Mona Simpson – The Case of an Author I Love But Am Never Sure Why
I just finished Mona Simpson’s Casebook. Her most recent novel. I really enjoyed it. I think I have read and enjoyed every novel she has written except one. She reminds me of Anne Tyler, except that Anne Tyler does a great job of writing the same type of story every time. Mona Simpson does not. […]
I just finished Mona Simpson’s Casebook. Her most recent novel. I really enjoyed it. I think I have read and enjoyed every novel she has written except one. She reminds me of Anne Tyler, except that Anne Tyler does a great job of writing the same type of story every time. Mona Simpson does not. Mona Simpson’s novels are deeper, even though I think she is a master of the story in which nothing much happens. In Casebook, a boy nominally proceeding through adolescence during the course of the story engages in his parents divorce and subsequent relationships through espionage. He and his best friend spy on the parents. They record and listen in on private conversations. Some of them are very intimate. They hire a private investigator. These people have pretty weird relationships. But the boys have a purpose: Self preservation. They want to know what is going to happen to them.

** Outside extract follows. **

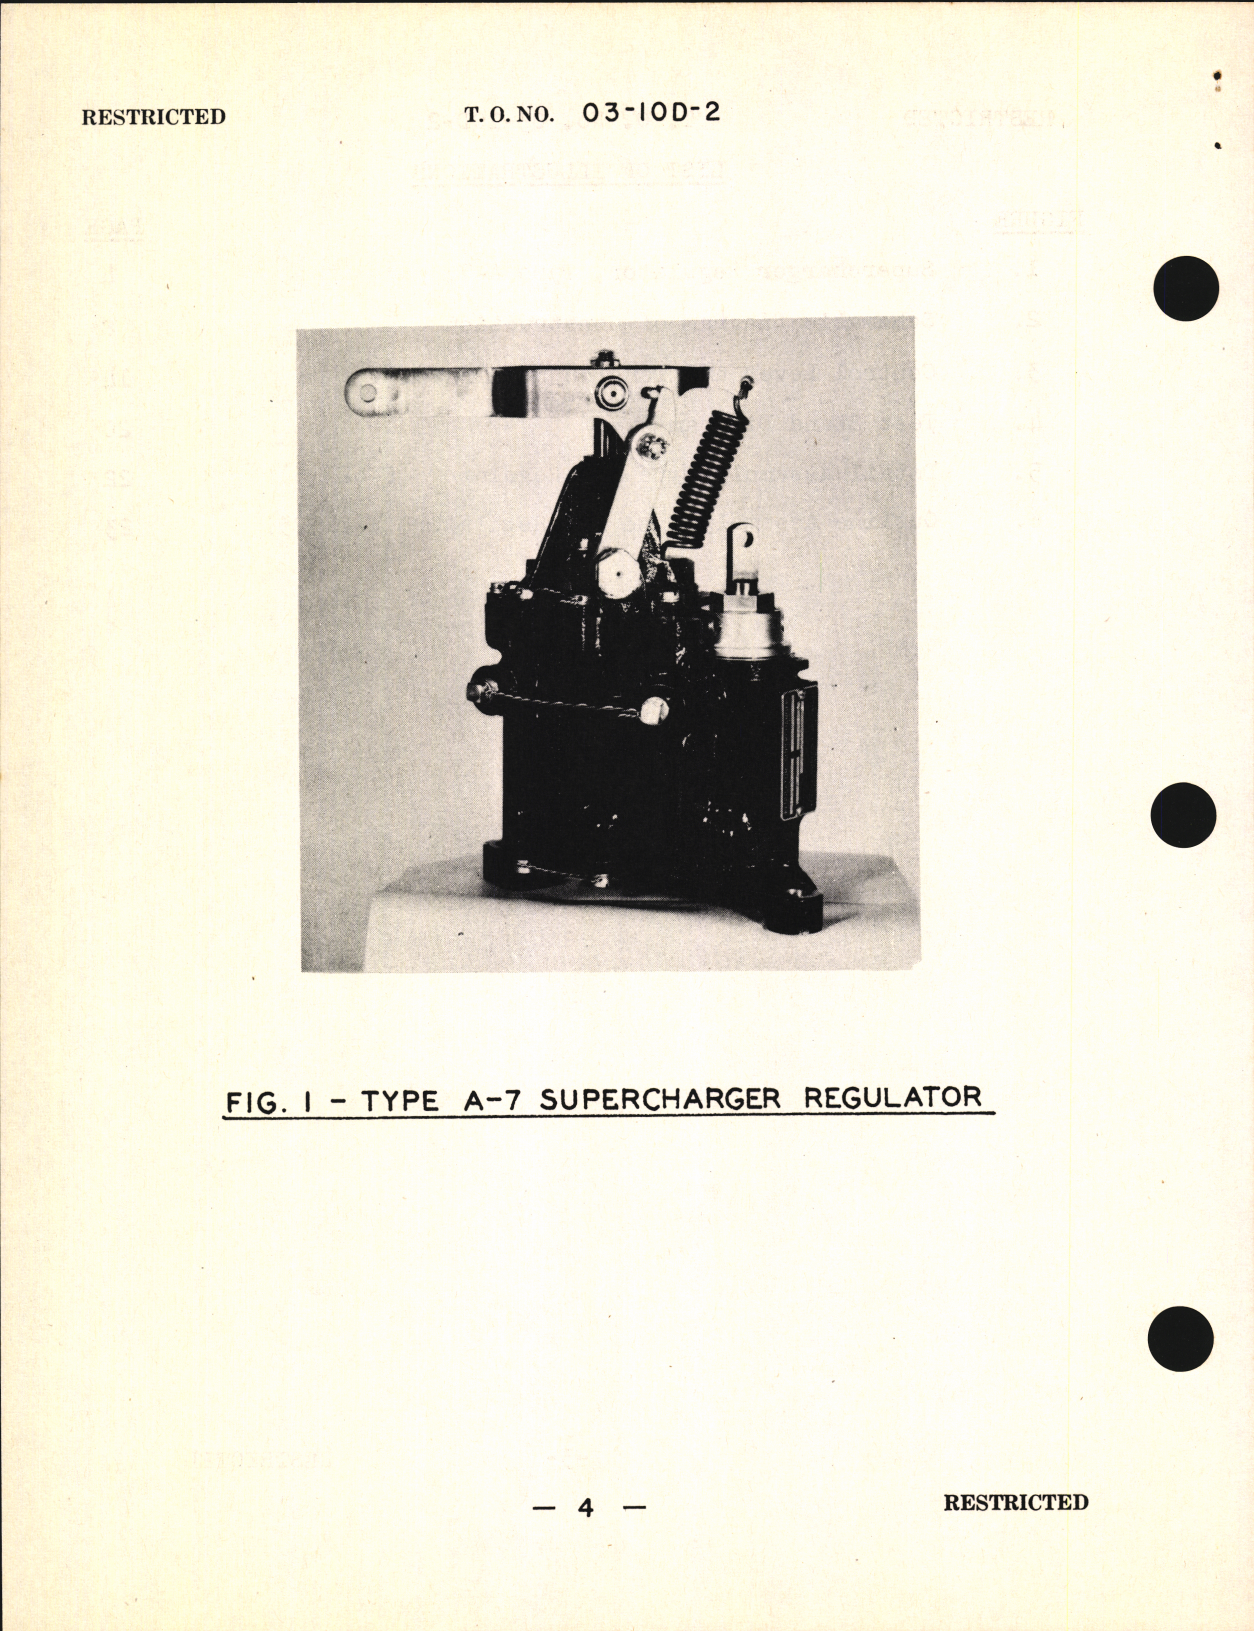 Sample page 6 from AirCorps Library document: Preliminary Handbook of Instructions for Type A-7 Supercharger Regulator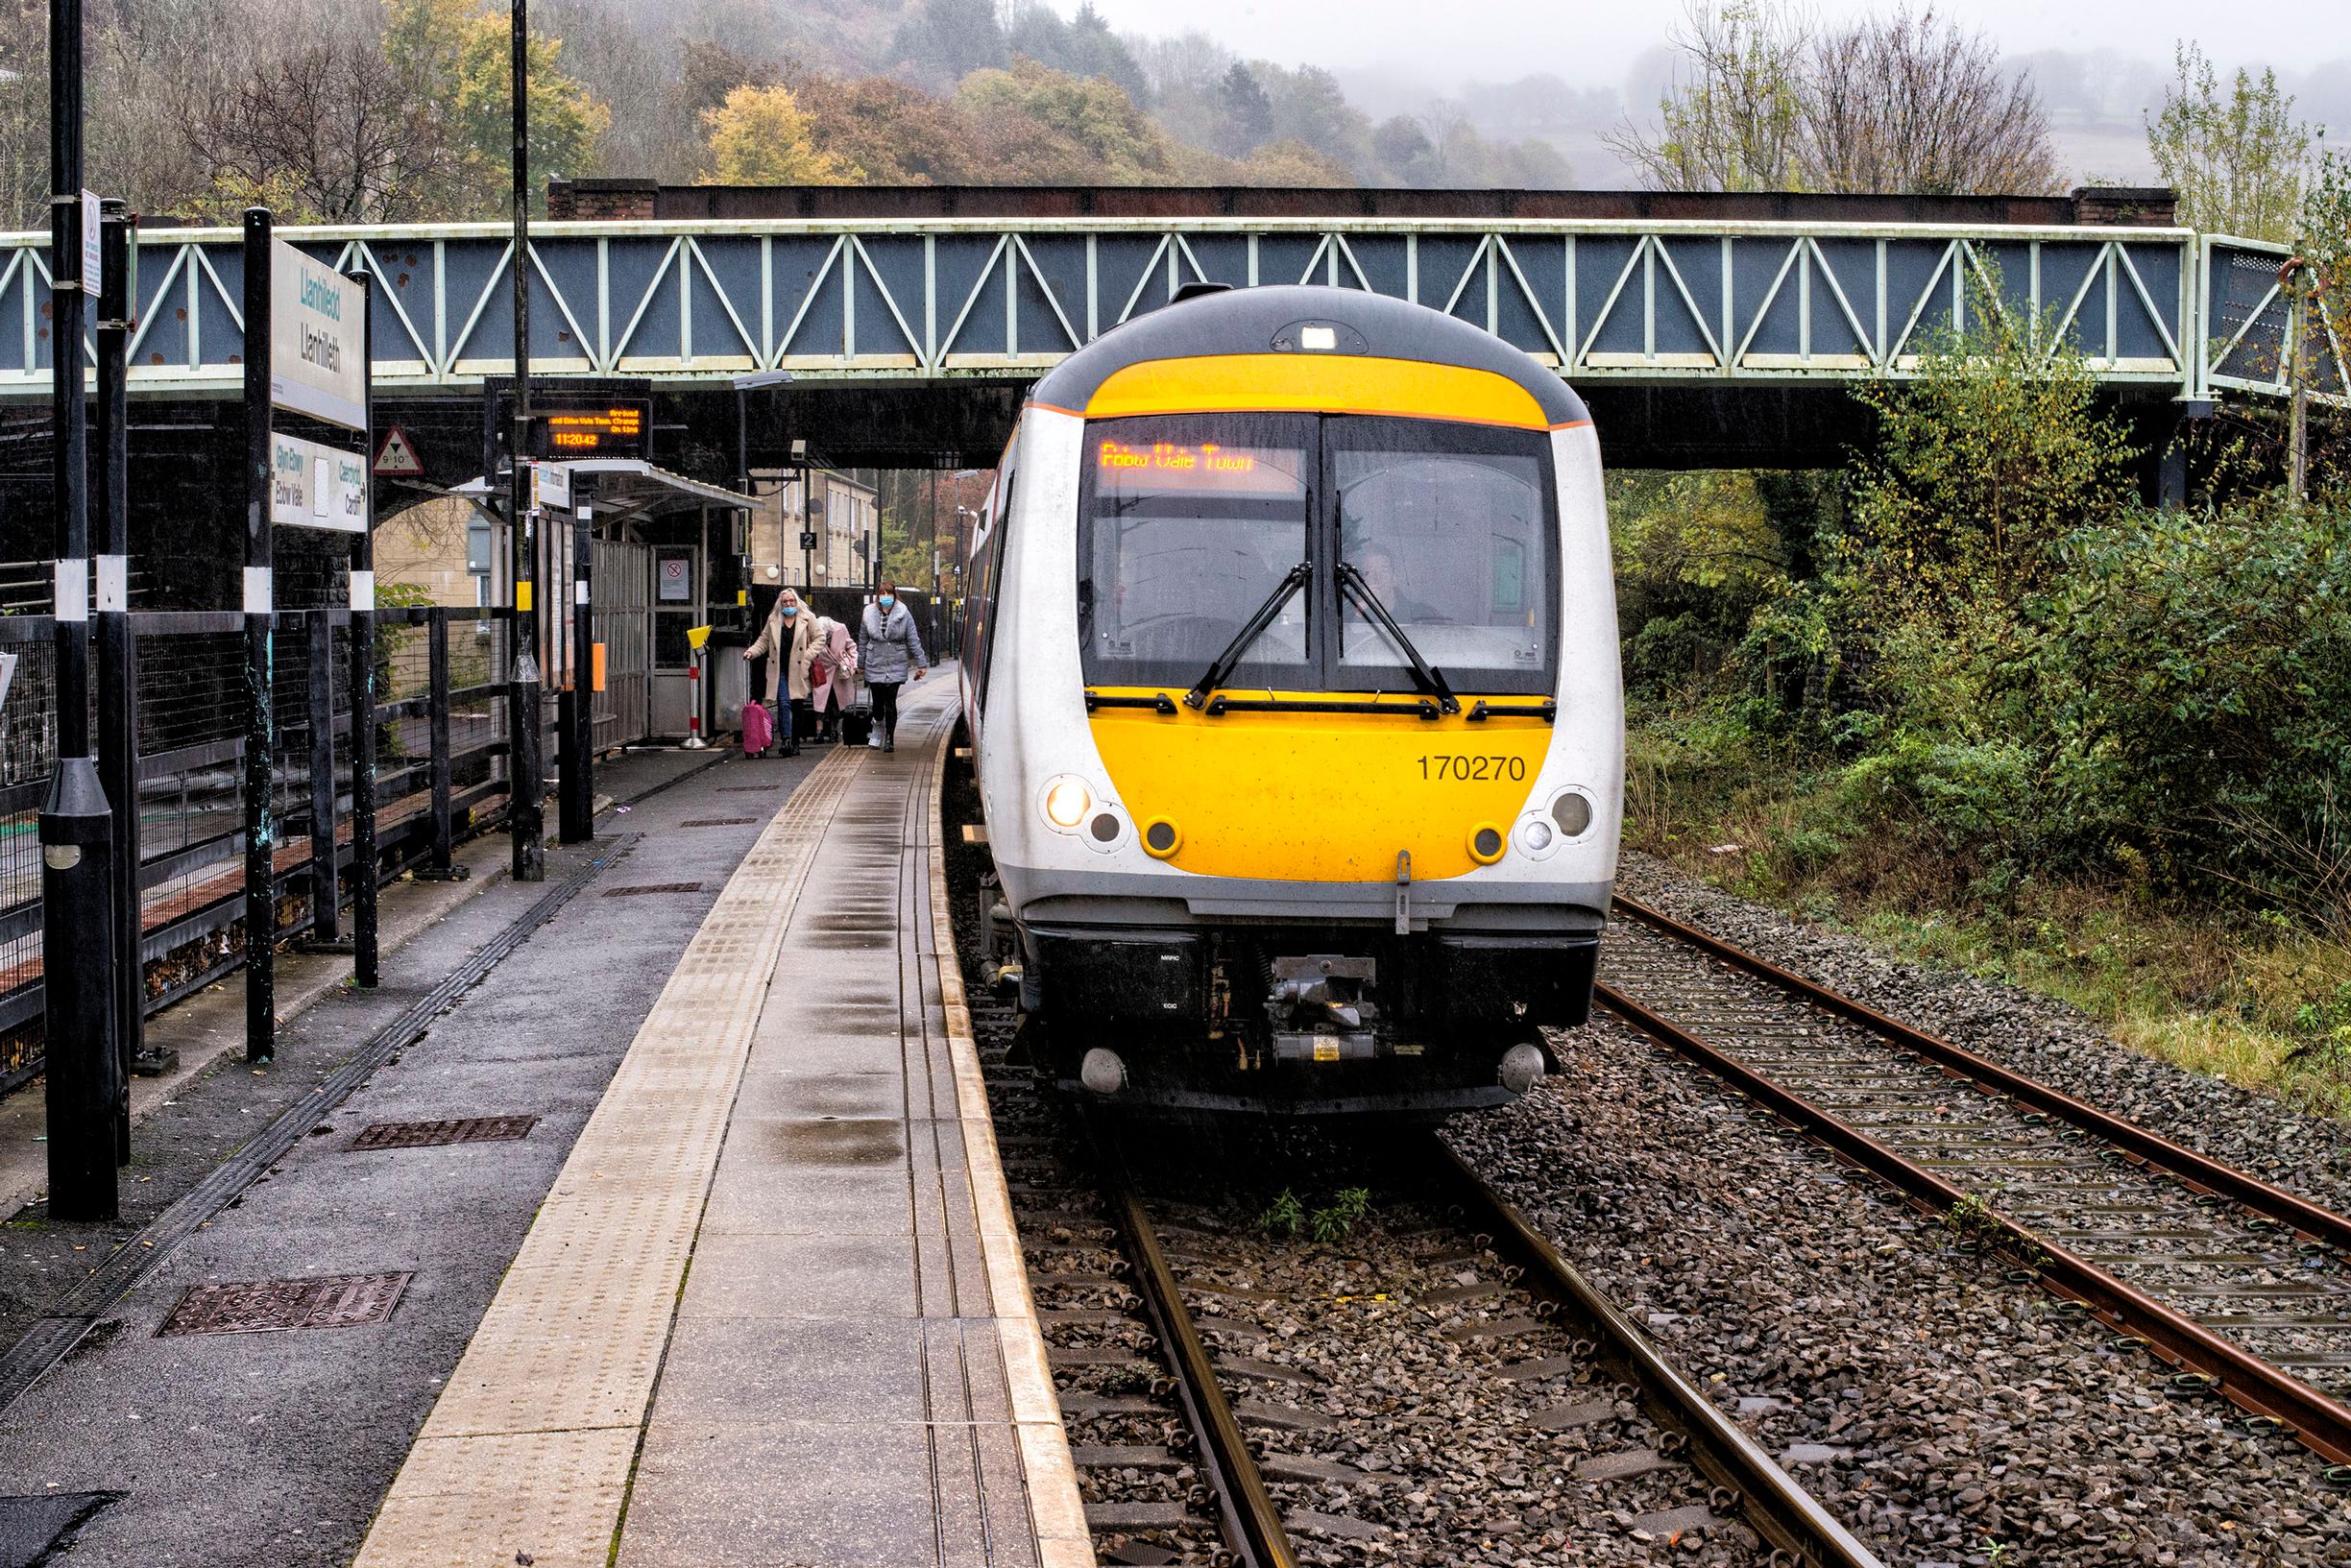 Double tracking the Ebbw Vale line will include another platform at Llanhilleth station

Other than in-home espionage, the story is typical white American family privilege and angst. Suffering, outside of the divorce and newly forming relationships, manifests in a slightly receding economic orbit for the mom post-divorce, but frankly not much else. Far from tragic in the scheme of things. Especially if your schema is living in war torn countries overseas, in countries with oppressive governments or cultures, or in economically deprived and racially divided regions of this country. The new man in the mother’s life lies in a despicable way. But let’s face it. A verbal bomb isn’t much like a real bomb. Everything that happens in this story happened yesterday to a few million young American men and their families, and will again tomorrow.
But Simpson’s stories read with ease. Casebook reminds me of a very popular book from my youth, Harriet the Spy (Louise Fitzhugh), which in less direct terms, deals with many of the same issues and from a similar perspective. Perhaps that is the clue as to its appeal for me. I loved Harriet the Spy. I was sucker for books about New York City (The Catcher in the Rye, The Godfather) way before I ever got there (in 1974). In many ways, this is a version for the next century, as Fitzhugh’s classic came out in 1964, but mostly for adults. And that is the one troubling issue with Casebook. This narrator is able to feel and interpret and express way beyond his age, at least what I would conceive of for that age. Then again, maybe that’s how much the world has changed, I can’t fathom a boy at this age being so worldly, or so blase about things like sex and his parents.
I seem to remember thinking the same thing of Holden Caulfield and Harriet. Perhaps the narrator is telling the story about his earlier years at a much later point in time and therefore he is entitled to add some worldliness. In other words, he is narrating a story, not journaling. Does a teenage boy, not portrayed as academically superior, know what disyllabic means? This one does. Maybe it’s not so logical, but I like the narrator anyway.
Another strange thing for an experienced contemporary female novelist: The female characters are relatively two dimensional, but then again, we see through the eyes of this adolescent narrator, so that may be authenticity rather than character defect.
Anyway, there’s something warm about Simpson’s writing. Cozy. Commanding. The story never gets out of hand. It’s tightly controlled. It’s not too long or too short. No long-winded passages demonstrating literary pyrotechnics. Somehow, in the course of 300+ pages, I felt I had born witness to the maturing of Miles Adler, the narrator. His arc is clear, in the midst of his parents’ divorce, modern grappling with sexual identity, a close-knit group of his parents friends (whose kids are his friends). The kid turns out just fine. Thousands of course do every week, but I still found it reassuring. It’s more about how Miles seeks to exert some control over family events out of his control. His methods may seem shady for an adult, but come off as precocious for a kid.
And there is something comforting about Simpson herself as an author. For me. I read Anywhere But Here in the early 1980s. It was one of the first books I found when I began searching for (1) books by new contemporary authors that were not part of a syllabus, (2) books which no longer were reflecting my age and circumstances (Catcher in the Rye; This Side of Paradise; KinFlicks; Bright Lights, Big City; and others), and (3) books by and about women and their struggles. So it was instructive to read how Simpson would capture a male protagonist, a young ‘un at that.